Alan Moore's deconstruction of the comics medium, combined with the visual experimentation of J.H. Williams III, gave Promethea, a visual style that was truly unique in its depiction of magic, mysticism, superhero mythology and spirituality. Williams wide-ranging experimentation with visual styles and art, featured ornate designs that accentuated either the emotional experiences of the characters or the themes of the passage at hand. Furthermore, Promethea often experimented with the fundamental element of comics storytelling—the panel. Sideways issues, Möbius strip layouts, completely panel-less issues, backwards or circular flow and other experiments occurred on a regular basis. The final issue is a complex document which can be read in a number of different sequences, including a double-sided poster when the pages are detached and placed together, which summarizes Moore's view on magic and fiction.

Perhaps no other single character dominated DC's fictional universe over the last decade than Hal Jordan and it all began with Green Lantern: Rebirth, which returned the slain hero to the land of the living and kicked off a run of popular mini-events that have culminated in the current, highly successful Blackest Night crossover series.

Booster Gold was a dud of a hero, everybody says so. However, creator Jurgens found an effective way to honor the classic periods in which crossover, mini-series events have become dominant by casting Michael Carter as the protector of the multiverse, taking cues from so many of these mega-events to string together an intricate series that continually toys with readers expectations and leaves poor Booster as "the greatest hero you've never heard of" and that's a shame, because this books rocks it out of the park each and every month.

The "original" Guardians of the Galaxy had their day in the sun during the 1970's, but following their Annihilation mini-series, writers Dan Abnett & Andy Lanning pieced together an entirely new team comprised of several cosmic heroes that had languished in Marvel limbo for far too long and demonstrated that at least somebody working under the House of Ideas purview, remembered what it was like to actually create an unapologetic "Marvel-style comic book", and then rode the ensuing sales chart success to the top of the heap, amidst wide critical acclaim for their efforts.

Crossgen the publisher is sadly gone, but among an impressive run of titles geared towards readers of all genres, Negation stood out as one of the best blends of super-heroics, high adventure and space fantasy of all time.
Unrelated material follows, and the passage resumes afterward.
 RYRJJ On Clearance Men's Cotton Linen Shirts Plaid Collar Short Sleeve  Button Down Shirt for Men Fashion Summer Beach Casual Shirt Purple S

The culmination of the metaplots of nearly all of CrossGen's other titles was set to play out in a crossover event called Negation War, which ran for two issues in Spring 2004, before the company declared bankruptcy and ended production on all their titles. It would have answered many, if not all, of the questions surrounding CrossGen's various metaplots, but the uncompleted mini-series ended with a cliffhanger.
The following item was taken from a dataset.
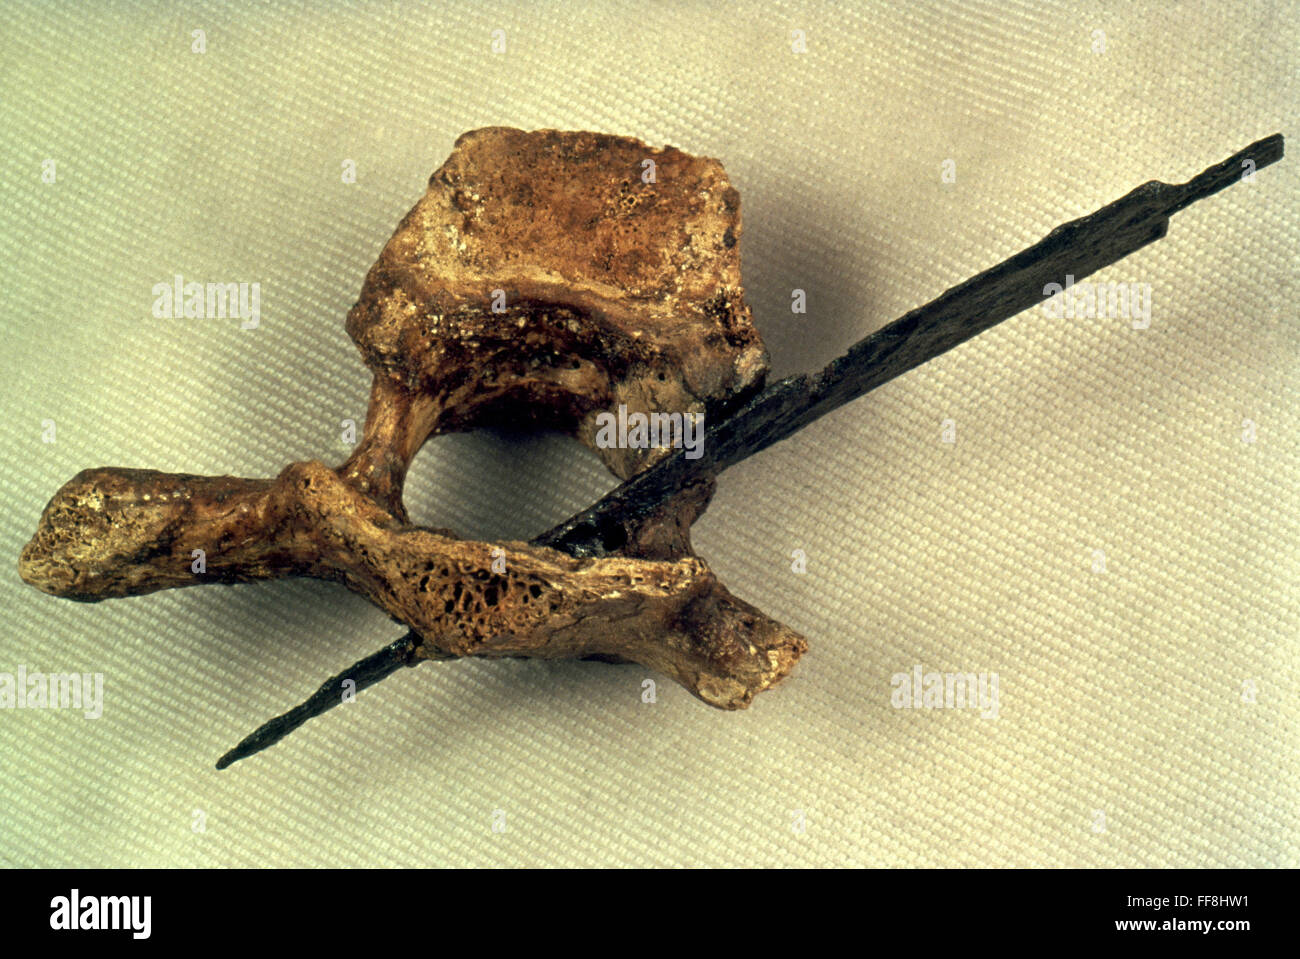 LITTLE BIGHORN, 1876. /nHuman vertebra with metal arrowhead from Little Bighorn battle site, 1876. Stock Photo

Mike Mignola's Hellboy has spawned two popular motion pictures, but nothing captures the eerie mood and harrowing atmosphere like the series of one-shots and minis that comprise the Hellboy universe over at Dark Horse Comics, and it is also fun knowing that this cool demonic hero made his first comic book appearance in an issue of John Byrne's Next Men. Byrne initially wrote Hellboy for Mignola.

Dark Horse is also the home of Eric Powell's The Goon, a muscle-bound brawler who tackles evil zombie gangs, ghosts, ghouls, skunk-apes, aliens, and mad scientists. Powell has meta-fictionally hinted that the context of The Goon is a creation of pure fiction, taking place in a comic reality instead of implying that it is occurring in the "real" world. Who'd a thunk it?

Jeff Smith's charming ode to Pogo, Bone ended its fifty-five issue run during this decade and absorbed fans lamented the passing of this light-hearted comedy and dark-fantasy epic for all-ages. Smith moved on to his re-imagining of Shazam's Monster Society of Evil for DC.